P.malariae: about 18-40 days.
Transmission period
Mosquitoes that bite humans can be infected as long as the person has gametocytes in their blood. In inadequately treated patients with P.malariae, it may be a source of infection for up to 3 years, or 1-2 years in P.vivax, ot not over 1 year in P.falciparum.
Signs and symptoms
The signs and symptoms of malaria are not unique. In most cases, symptoms are similar to those of a cold: low fever, headache, body and muscle pain. There may be nausea and loss of appetite as well. These symptoms are short-term for days depending on the incubation period of the infection, type of infection, number of sporozoites infected by the patient, patient's immunity to malaria, and a condition of infected patient that has previously received antimalarial drugs or have already received some malaria medication.
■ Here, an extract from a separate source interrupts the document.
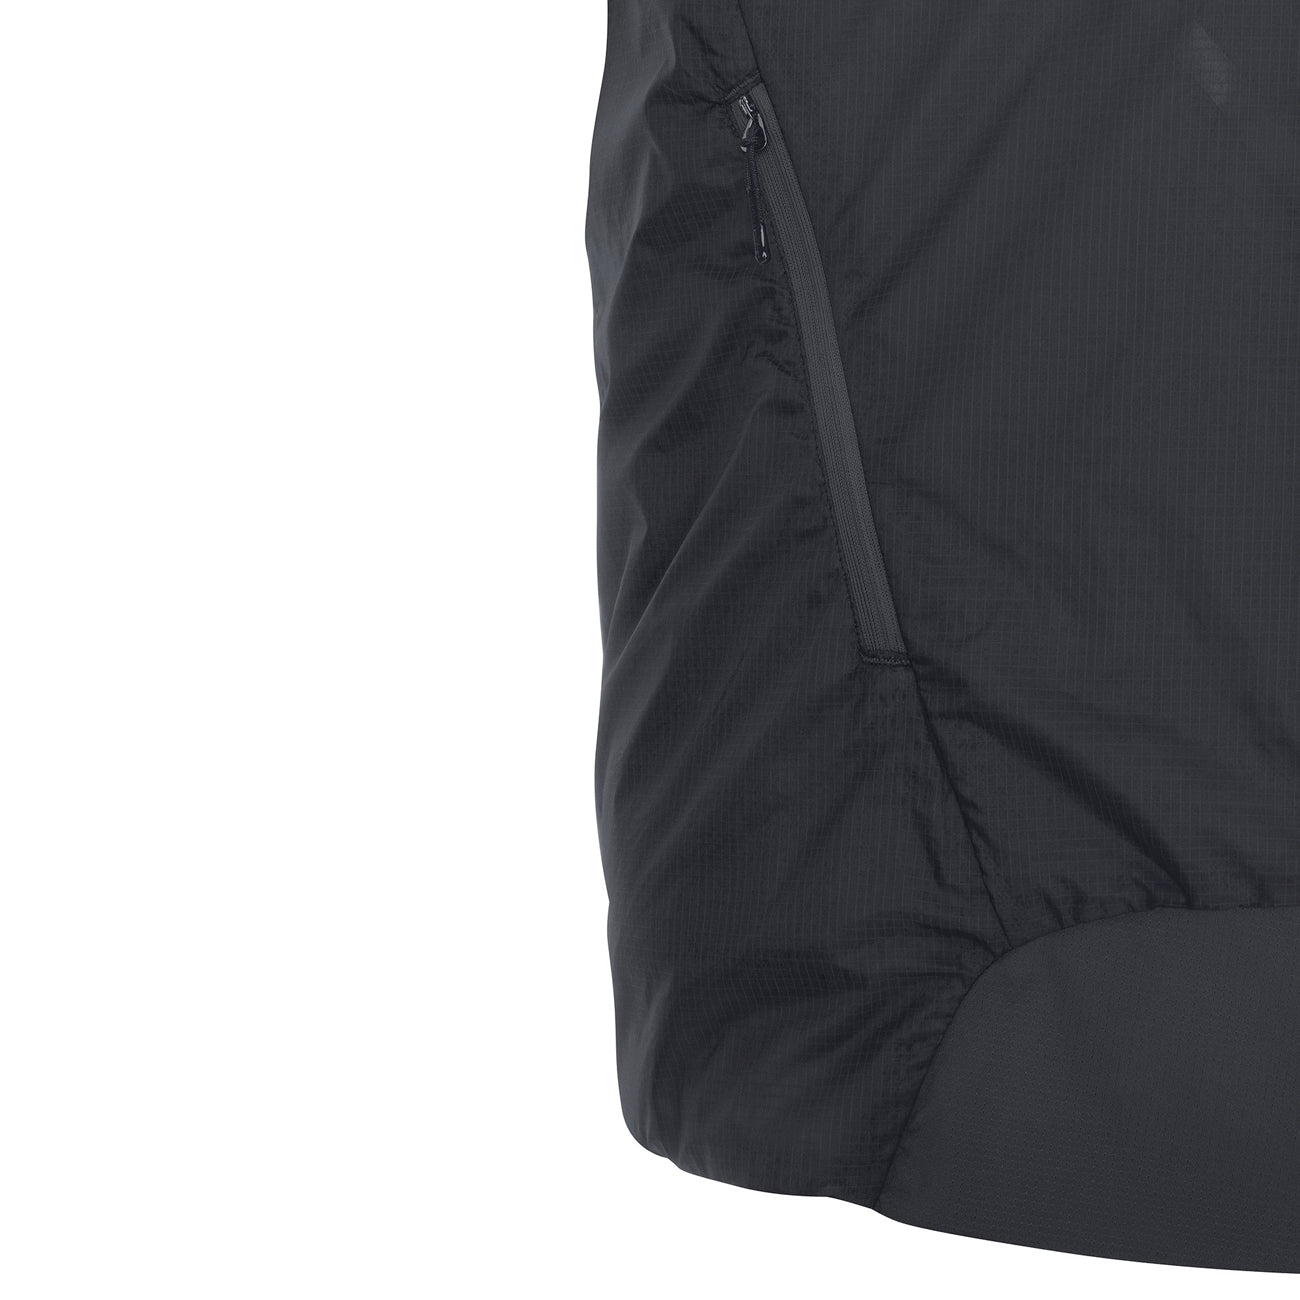 Gore Wear R5 Womens GTX Infinium Insulated Jacket Damen Black

Fever, the hallmark symptom of malaria, consists of three phases: the trembling phase, the heat phase, and the sweating phase. At present, the characteristics of all 3 phases are rarely found. Patients will have a high fever all the time, especially in patients with first time malaria infection. However, in the early stages of malaria infection, the infection may not grow to a mature phase at the same time. This may be the result of being infected at different times and cause many stages of infection. Therefore, hemolysis is not simultaneous. As a result, early malaria patients may have high fevers throughout the day. After a while, simultaneous hemolysis occurs, therefore, the patient was seen to have a fever and chills for a time.
Epidemiology of the disease
Malaria spreads widely between latitude 640 north and latitude 320 south and covers areas up to 400 m below sea level, such as the Dead Sea, to areas up to 2,600 m above sea level, for example Kenya. Currently up to 2.02 billion people from more than 90 countries are located in the area with a risk of malaria.
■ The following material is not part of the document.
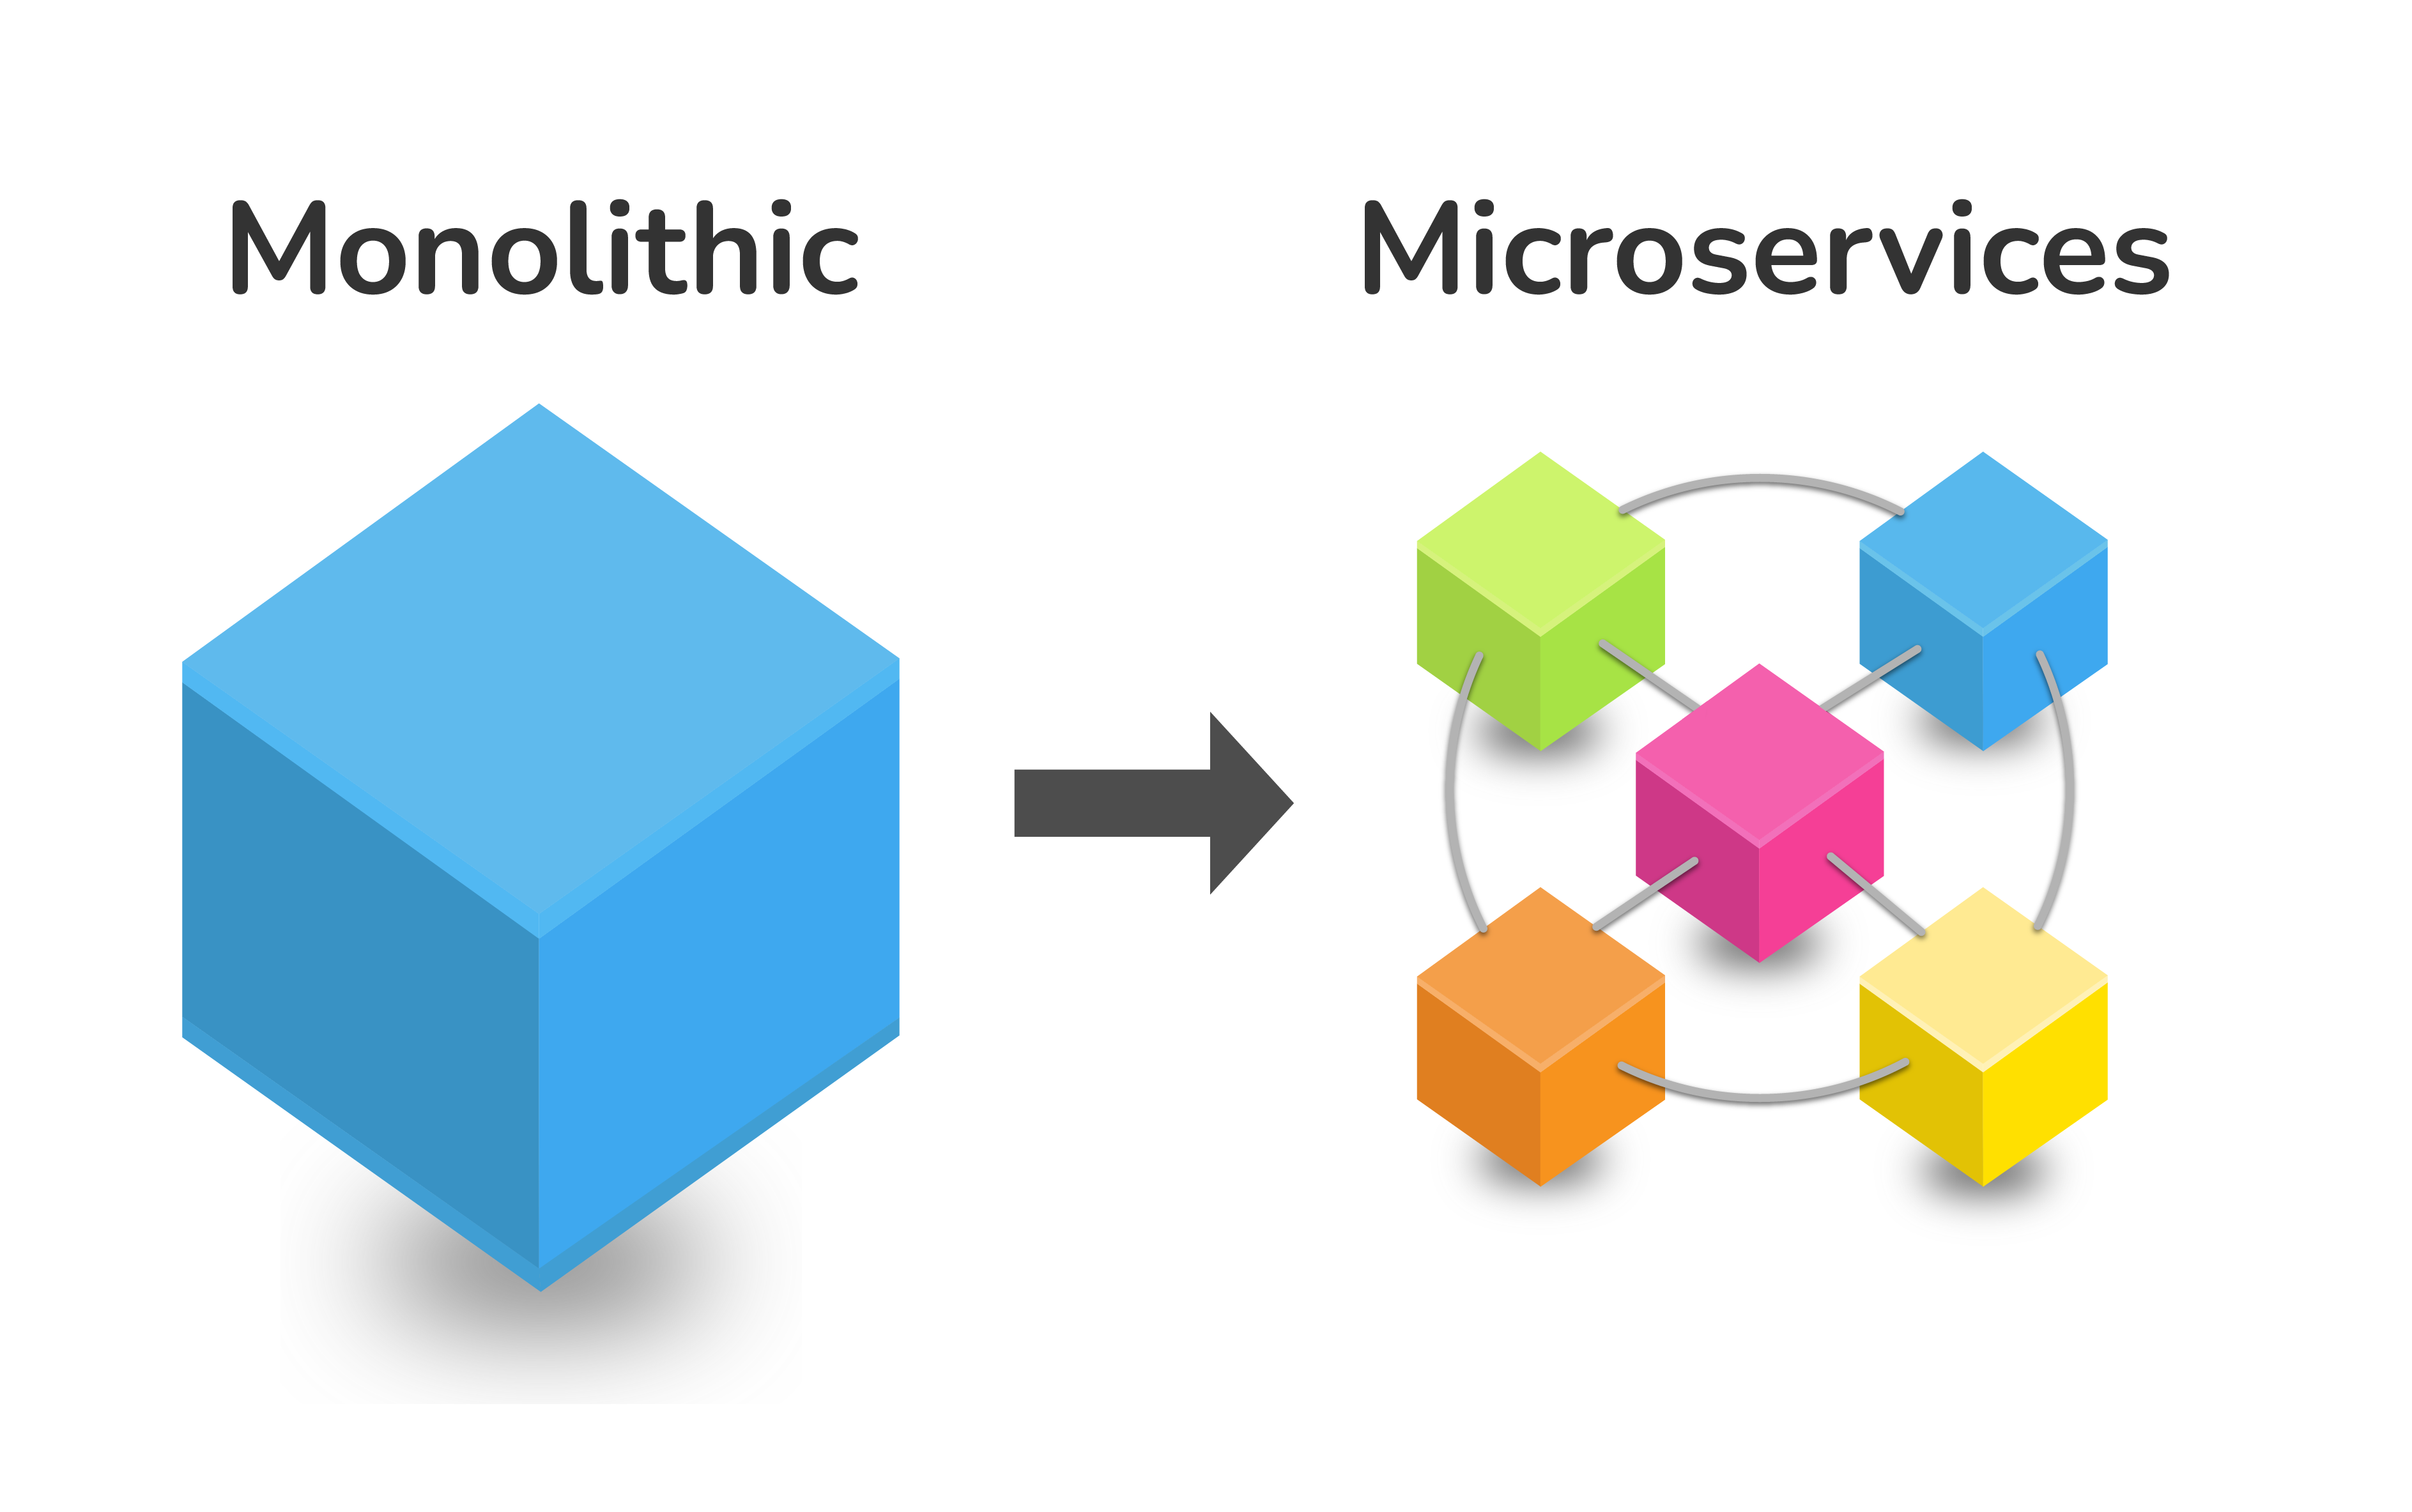 Microservice architecture. Микросервисы. Microservices Architecture. Микросервисы иконка. Шестигранная архитектура микросервисов.

• Malaria falciparum is common in Africa, South America, Asia, and can be found in both tropical and subtropical regions. In cold regions, it is rarely found.
• Malaria vivax is found in tropical and subtropical Latin America, Turkey, China, and central India. It is rarely found in Africa, especially West Africa.
• Malaria ovale is common in Africa, especially the Western part of the continent.
• Malaria malariae is found in both tropical and subtropical regions, especially in East Africa and West India.
In Thailand, the source of malaria is in the border forests of the country, especially around the Thai-Myanmar border and Thai-Cambodian. Provinces that have always seen the highest cases are Mae Hong Son, Tak, Kanchanaburi, Ratchaburi, Prachuap Khiri Khan, Ranong, Sa Kaeo, Trat, and Chanthaburi. In the middle of the country, few cases of malaria were found and no infection was found in Bangkok and its vicinity. Malaria patients are distributed in all age groups, especially in the age group of 10-35 years. The ratio of male patients is about 2 times higher than that of female patients. Patients can be found throughout the year but will be found a lot during the rainy season.
Treatment
Treatment for malaria is divided into three categories:
Specific treatment
The specific treatment is schizontocide medication, which can eradicate schizont malaria, asexual stages in red blood cells. Choosing the kind of medicine depends on the efficacy against malaria and the drug resistance characteristics of malaria in different areas.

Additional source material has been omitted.